Nowadays, there is an overwhelming number of digital assets available for trading in crypto markets. These thousands of assets have different prices, trading volumes, and market cap, as well as different popularity among traders/investors.
There are several factors involved during crypto trading, especially market fluctuations, liquidity, trading fees, platform fees, and more. Therefore, before you buy bitcoin and other cryptocurrencies, you must be aware of them.
Hence, it is crucial for traders/investors that enter the cryptocurrency market to perform an in-depth analysis of what the best options are and how it is possible to seize profitable trading opportunities with them.
In this article, you will find out techniques to choose the best cryptocurrency pairs to trade.
Technical Analysis – Is It Necessary for Cryptocurrency Trading?
Similar to traditional stock markets, traders/investors in the crypto industry can benefit a lot from performing technical analysis of several cryptocurrency pairs to understand the most profitable trends and overall market behavior.
Firstly, it is necessary to be realistic. Many traders spend days assessing a thousand pairs when in reality only a dozen of the options would be actually profitable. This way, it is crucial to be precise and do not waste time with unprofitable possibilities.
Nonetheless, fundamental and technical analysis cannot be done without someone engaging in trading, especially as investors/traders need to choose a trading pair to start their activities.
Hence, it is crucial to notice that before trying to apply technical analysis to trading, it is necessary to select the right trading pair. For example, when the BTC dominance and BTC price are stagnant, it’s clever to trade BTC pairs, since you can accumulate more for the run-up.
Popularity Matters – Assessing How Popular a Trading Pair Is and Why It is Important
When choosing a cryptocurrency pair for trading, it is essential to assess how popular a pair is before definitely sticking with it. Popularity matters, not only because the most traded pair represents the hottest market trend, but because it indicates high liquidity.

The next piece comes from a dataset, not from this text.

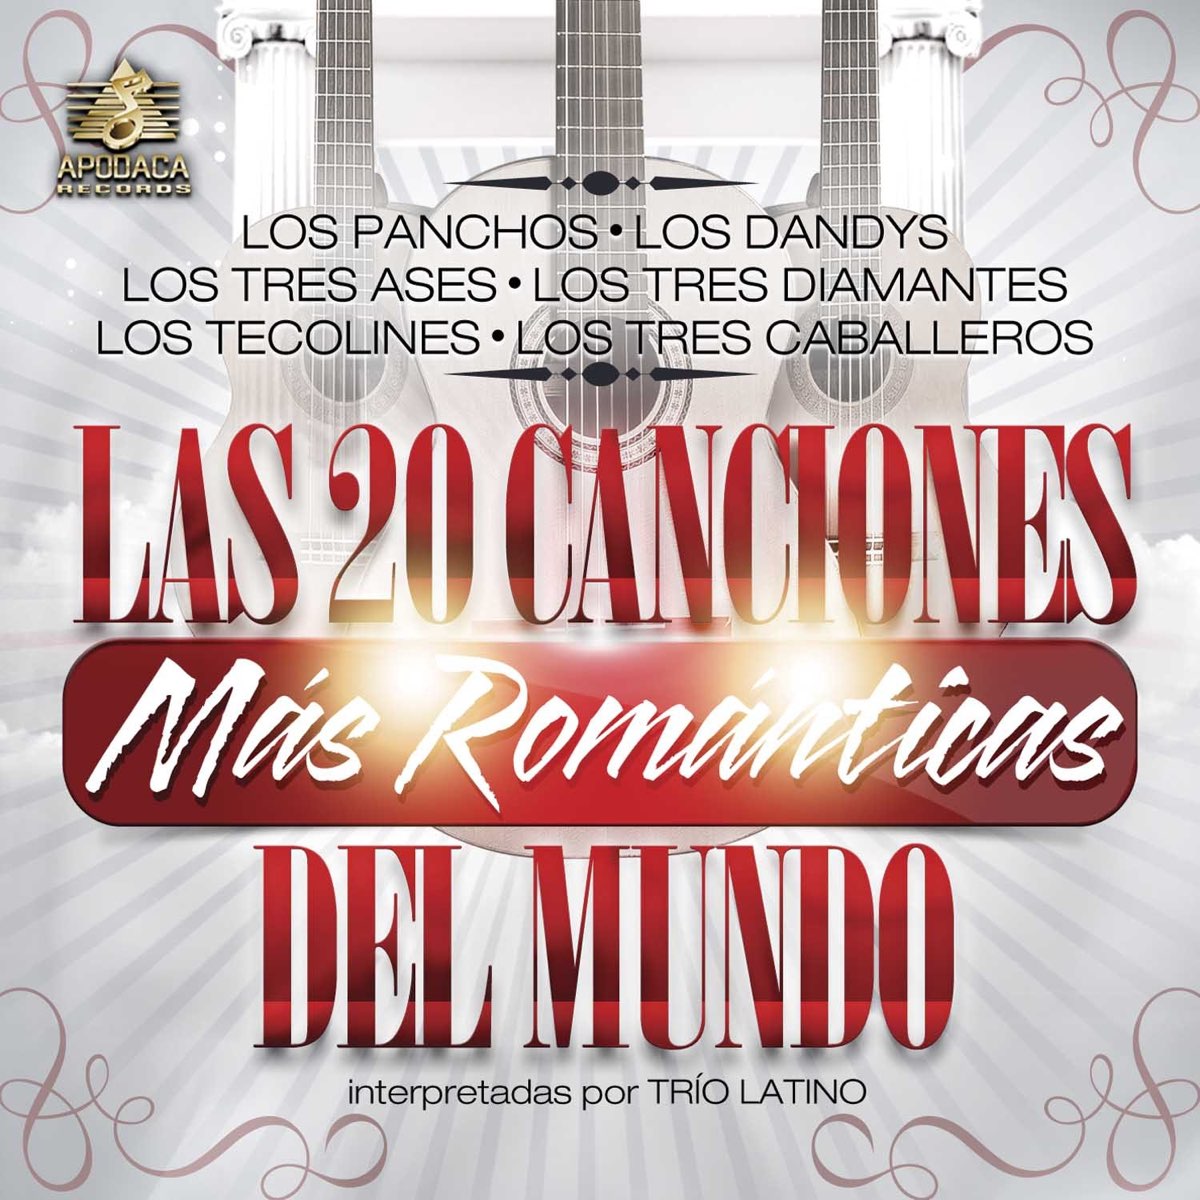 Las 20 Canciones Mas Románticas del Mundo by Trío Latino on Apple Music

Currently, the most popular trading pairs in crypto exchanges can be divided into two distinct categories – crypto-to-fiat pairs and crypto-to-crypto pairs. In essence, the most popular tend to involve combinations between Bitcoin (BTC), Ethereum (ETH), Binance Coin (BNB), Litecoin (LTC), and Tether (UDST).
But why choosing the most popular pairs can be a good thing? Would not it be a type of “herd effect”? Indeed, it is not always ideal to follow the masses, but the most popular pairs in several exchanges mean that there is a global demand for those specific assets.
Consequently, it means that traders/investors can easily find buyers whenever they want, which exponentially increases the chances to find profitable opportunities.
Also, checking the trading volume of different assets and then check their connection with different assets is a good strategy for those who do not want to follow the major-crypto-asset trend.
The Liquidity Factor
When speaking about any type of financial operation, liquidity is a primary and crucial parameter for decision-making. In layman’s terms, liquidity refers to the ability traders/investors have to sell assets quickly.
Hence, the higher the liquidity in a specific market, the more opportunities traders/investors have to sell their assets for profit. It is impossible to dissociate liquidity and profit, as the liquidity level in a trading pair is what determines the profit from each negotiation.
Plus, healthy levels of liquidity mean lower risk for operations. This way, if a certain trading pair always have people willing to buy and sell their assets, traders/investors will not lose following a bearish trend.
The supply-and-demand for a certain digital asset also affects its liquidity. When the demand for a cryptocurrency is low, traders/investors have to establish lower exchange rates to make it less unattractive to potential buyers.
Once again, it explains why cryptocurrencies such as BTC, ETH, USDT, BNB, and LTC are leading choices when it comes to trading pairs, as these are assets that have solid and ever-growing liquidity.
Assessing the Past Performance of Trading Pairs
In a market so volatile as the cryptocurrency market, it is important to analyze history to find valuable conclusions about the present and future.
It is crucial to take a look back and assess the performance of the best cryptocurrency trading pairs. This strategy allows traders/investors to choose the right pairs based on technical analysis, market sentiment, and asset comparison.
When choosing a trading pair, it is essential to evaluate all the factors involved in a potential trade, including market volatility, liquidity, and profit rates.
Also, it is crucial to check what options your exchange of choice allows you to use as the base currency. Currently, the most profitable trading pairs involve BTC, ETH, LTC, USDT, and BNB.
Every year, new digital assets are releases, some projects are born, and many of these projects fail to stay active while others thrive to reach the top of the chain. Hence, it is possible to forecast the performance of certain assets by analyzing the performance of similar assets in the past.